* **Assignment**
Begin with the first line of the entries below and reproduce each line exactly, ending with the line that holds "Disturbance Briefcase Treaty".

===== Exercise input =====

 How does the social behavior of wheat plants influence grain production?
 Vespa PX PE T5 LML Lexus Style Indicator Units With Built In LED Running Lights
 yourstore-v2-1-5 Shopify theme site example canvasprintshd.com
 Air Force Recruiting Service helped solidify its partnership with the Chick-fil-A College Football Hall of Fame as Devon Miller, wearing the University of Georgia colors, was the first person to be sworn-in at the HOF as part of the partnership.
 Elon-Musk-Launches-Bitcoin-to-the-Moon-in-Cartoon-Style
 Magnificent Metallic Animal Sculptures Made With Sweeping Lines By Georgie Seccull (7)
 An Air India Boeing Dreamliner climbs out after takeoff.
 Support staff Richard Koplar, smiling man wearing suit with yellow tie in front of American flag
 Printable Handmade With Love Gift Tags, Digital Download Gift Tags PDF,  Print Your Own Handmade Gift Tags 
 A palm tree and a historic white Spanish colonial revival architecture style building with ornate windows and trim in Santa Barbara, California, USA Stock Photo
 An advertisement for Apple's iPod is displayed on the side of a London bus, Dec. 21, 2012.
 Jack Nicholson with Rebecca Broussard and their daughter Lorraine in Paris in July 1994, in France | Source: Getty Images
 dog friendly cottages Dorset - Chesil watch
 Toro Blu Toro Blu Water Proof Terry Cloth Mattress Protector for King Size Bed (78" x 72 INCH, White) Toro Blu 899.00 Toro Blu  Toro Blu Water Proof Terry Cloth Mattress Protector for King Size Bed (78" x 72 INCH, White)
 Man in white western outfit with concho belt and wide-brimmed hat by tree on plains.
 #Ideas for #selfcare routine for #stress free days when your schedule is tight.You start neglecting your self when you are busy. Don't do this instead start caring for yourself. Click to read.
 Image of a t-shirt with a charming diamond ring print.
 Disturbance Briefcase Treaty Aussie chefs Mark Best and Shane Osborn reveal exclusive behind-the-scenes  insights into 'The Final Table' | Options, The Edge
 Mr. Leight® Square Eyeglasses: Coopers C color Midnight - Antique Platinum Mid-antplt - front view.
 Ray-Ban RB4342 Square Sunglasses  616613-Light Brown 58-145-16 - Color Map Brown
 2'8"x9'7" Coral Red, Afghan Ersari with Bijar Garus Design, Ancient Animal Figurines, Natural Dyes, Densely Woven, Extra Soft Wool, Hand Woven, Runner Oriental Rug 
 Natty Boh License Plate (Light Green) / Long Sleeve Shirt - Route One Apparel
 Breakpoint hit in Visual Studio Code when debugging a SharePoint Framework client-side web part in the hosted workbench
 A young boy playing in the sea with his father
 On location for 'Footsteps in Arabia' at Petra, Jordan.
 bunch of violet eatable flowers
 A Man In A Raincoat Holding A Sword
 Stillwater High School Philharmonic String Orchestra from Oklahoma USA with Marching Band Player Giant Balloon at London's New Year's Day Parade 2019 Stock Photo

=====

* **Response to this task**
 How does the social behavior of wheat plants influence grain production?
 Vespa PX PE T5 LML Lexus Style Indicator Units With Built In LED Running Lights
 yourstore-v2-1-5 Shopify theme site example canvasprintshd.com
 Air Force Recruiting Service helped solidify its partnership with the Chick-fil-A College Football Hall of Fame as Devon Miller, wearing the University of Georgia colors, was the first person to be sworn-in at the HOF as part of the partnership.
 Elon-Musk-Launches-Bitcoin-to-the-Moon-in-Cartoon-Style
 Magnificent Metallic Animal Sculptures Made With Sweeping Lines By Georgie Seccull (7)
 An Air India Boeing Dreamliner climbs out after takeoff.
 Support staff Richard Koplar, smiling man wearing suit with yellow tie in front of American flag
 Printable Handmade With Love Gift Tags, Digital Download Gift Tags PDF,  Print Your Own Handmade Gift Tags 
 A palm tree and a historic white Spanish colonial revival architecture style building with ornate windows and trim in Santa Barbara, California, USA Stock Photo
 An advertisement for Apple's iPod is displayed on the side of a London bus, Dec. 21, 2012.
 Jack Nicholson with Rebecca Broussard and their daughter Lorraine in Paris in July 1994, in France | Source: Getty Images
 dog friendly cottages Dorset - Chesil watch
 Toro Blu Toro Blu Water Proof Terry Cloth Mattress Protector for King Size Bed (78" x 72 INCH, White) Toro Blu 899.00 Toro Blu  Toro Blu Water Proof Terry Cloth Mattress Protector for King Size Bed (78" x 72 INCH, White)
 Man in white western outfit with concho belt and wide-brimmed hat by tree on plains.
 #Ideas for #selfcare routine for #stress free days when your schedule is tight.You start neglecting your self when you are busy. Don't do this instead start caring for yourself. Click to read.
 Image of a t-shirt with a charming diamond ring print.
 Disturbance Briefcase Treaty Aussie chefs Mark Best and Shane Osborn reveal exclusive behind-the-scenes  insights into 'The Final Table' | Options, The Edge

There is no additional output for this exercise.